王座戦第2局
藤井聡太王座(七冠)に,永瀬拓矢九段が挑戦している王座戦5番勝負の第2局ですが,藤井王座が勝って2連勝となり,防衛に王手をかけました。内容は,素人には難解でしたが,先手の藤井王座が5五に桂を打ってからは優位に立ったようにみえました。最後は香の頭に角を打つという,見たこともないようなすごい手で永瀬九段を投了に追い込みました。
久しぶりに谷川浩司17世名人のことを話しますと,あと4勝で1400勝という大記録がかかっています。これまで1400勝以上は,羽生善治九段(1570勝)と大山康晴15世名人(1433勝)しかなく,谷川17世名人は1396勝で,大山15世名人の記録にあと37と近づいています。ただ最近の勝利のペースですと,あと2年はかかりそうです。そんななか,今日は王位戦の予選で,若手の徳田拳士四段に勝ちました。最後は「光速の寄せ」と言えそうな見事な寄せでした。これで1397勝であり,まずは今年中に1400勝,できれば今期中に1410勝あたりにまで伸ばしてもらいたいです。
A級順位戦は,本日,佐藤天彦九段が,かつて名人位を奪われた豊島将之九段に勝ちました。天彦九段は3連勝,豊島九段は3連敗で,前期の名人挑戦者である豊島九段は大苦戦となっています。このほか,菅井竜也八段,稲葉陽八段も3連敗で,前にも書いたように,関西勢は厳しい状況です。佐々木勇気八段は,中村太地八段に勝って,3連勝で先頭を走っています。

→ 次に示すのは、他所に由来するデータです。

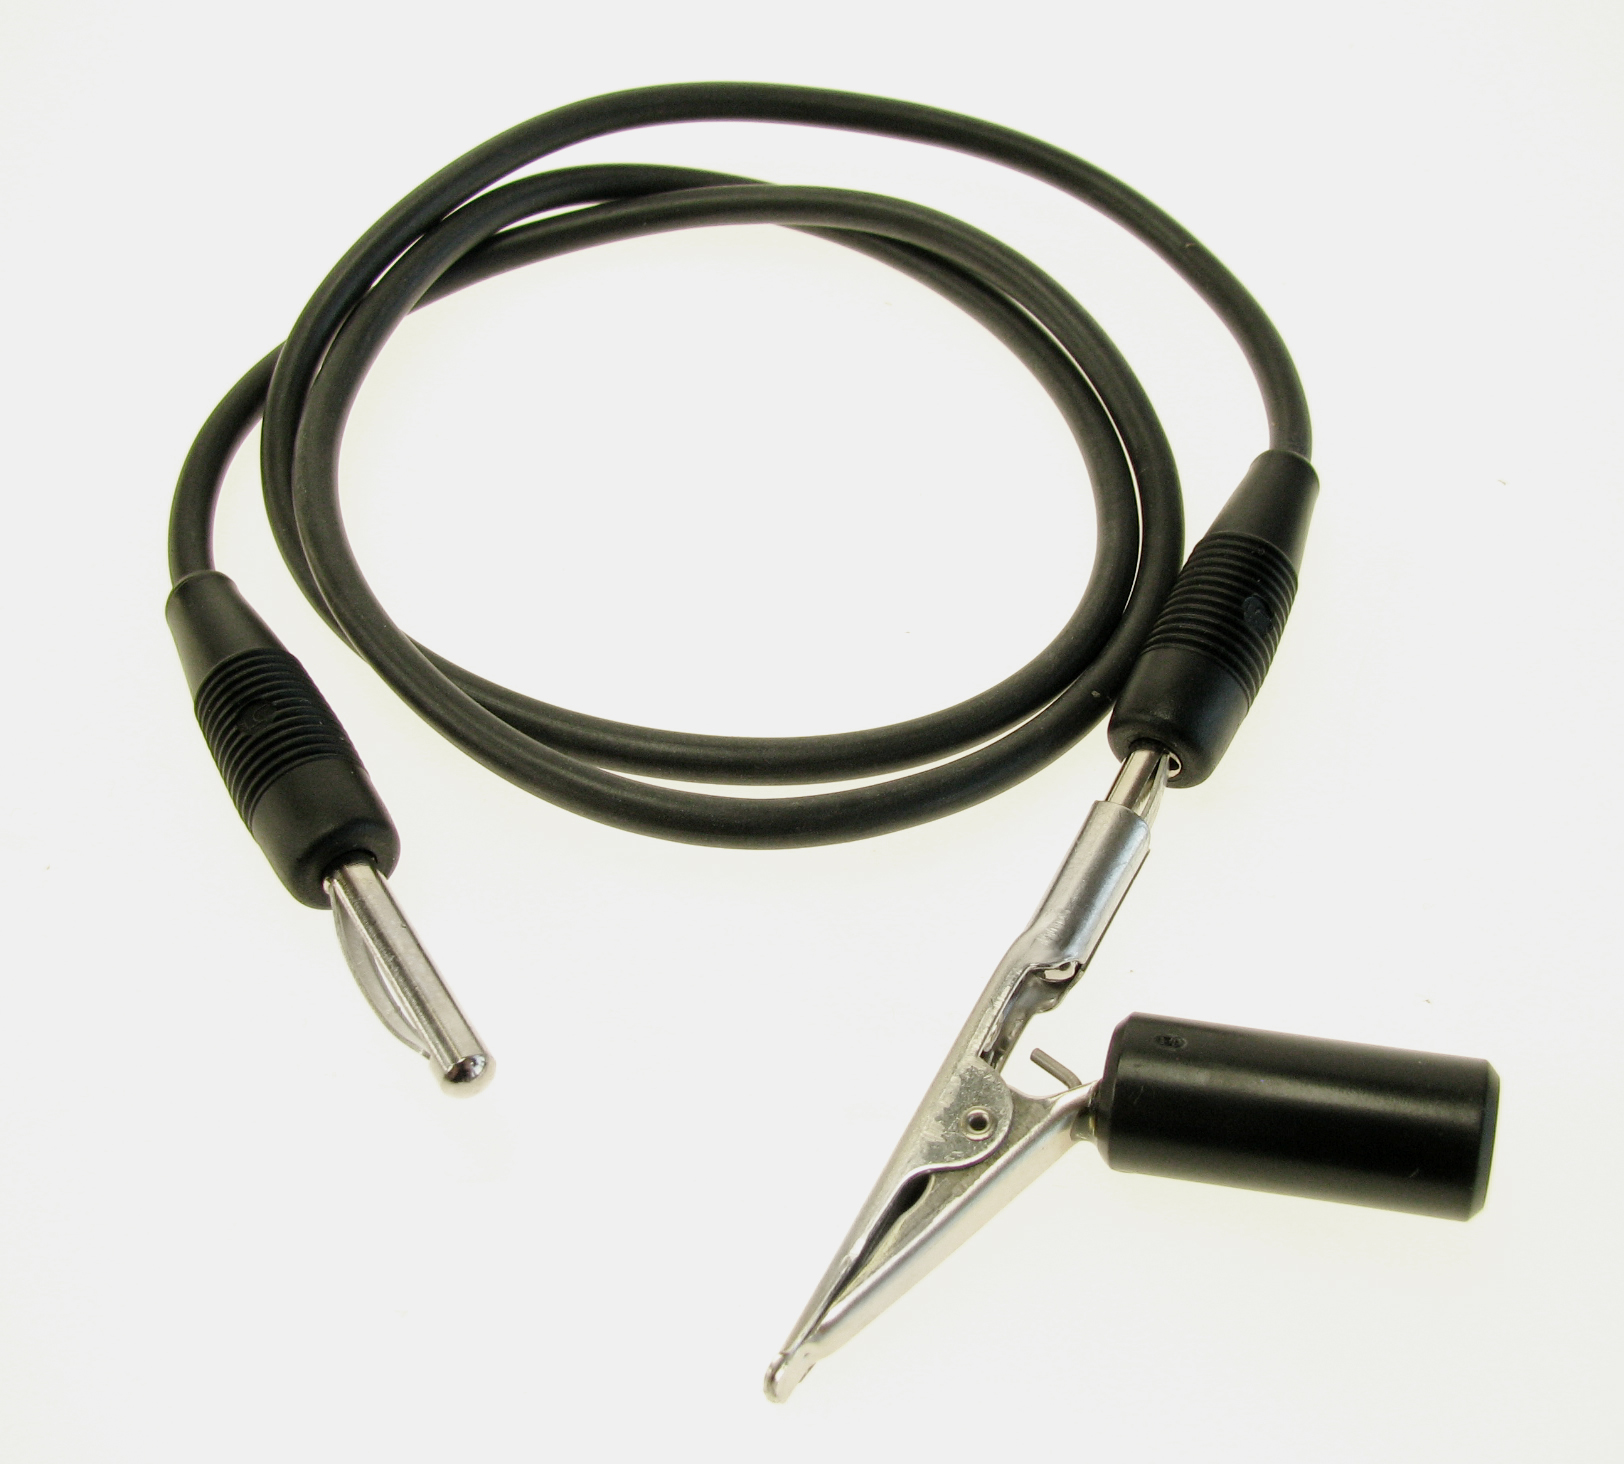 Warenklem met kabel zwart en stekker voor Rhodinette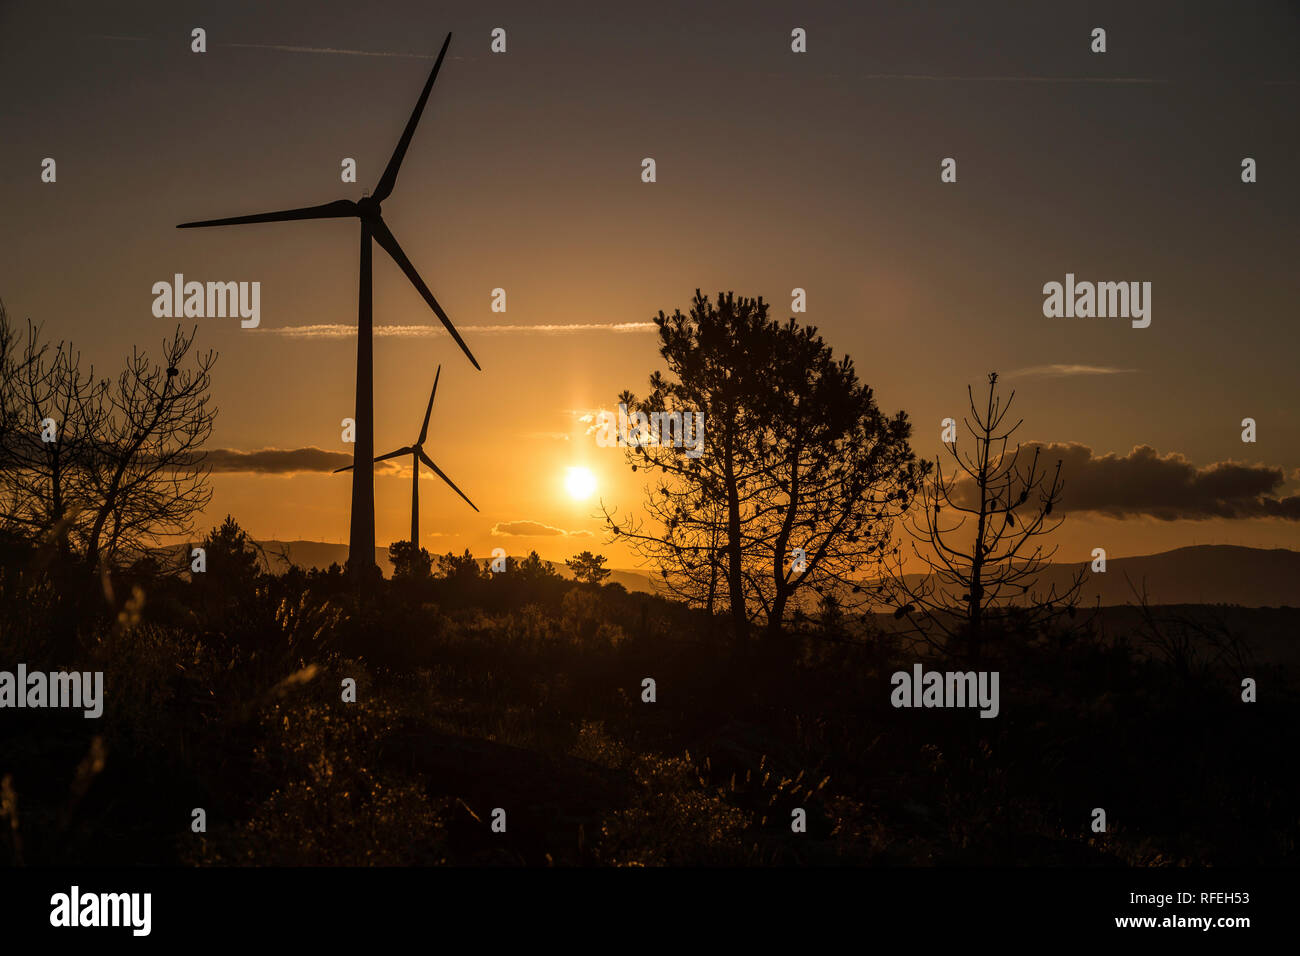 Windenergieanlage im Norden von Portugal, dem Douro Tal Stockfoto

NHK杯は,注目の藤井七冠(竜王・名人)と西山朋佳女流三冠の対局がありました。結果は,藤井七冠の貫禄勝ちでしたが,これは仕方がありません。ただ,この対局で西山さんが弱かったという印象は受けませんでした。棋士編入試験に挑戦中の西山さんは,福間香奈女流五冠とも,熾烈なタイトル戦を繰り広げています。現在,防衛戦である白玲戦は,1勝1敗です。また女流王座戦には福間女流王座への挑戦を決めています。ただ,西山さんが棋士編入試験に合格したら,西山さんの女流タイトルや女流棋戦の出場資格はどうなるのでしょうかね。女性「棋士」と「女流棋士」の両方を兼ねることになるのでしょうか。何かルールがあるのかもしれませんが,棋士になることを選択したら,女流棋士の資格を失うというほうが,すっきりしている気がします。男女の格差をなくしていくという観点からは,女流棋士が実績をあげて,将来的には女流棋士というカテゴリーがなくなるのが理想でしょう。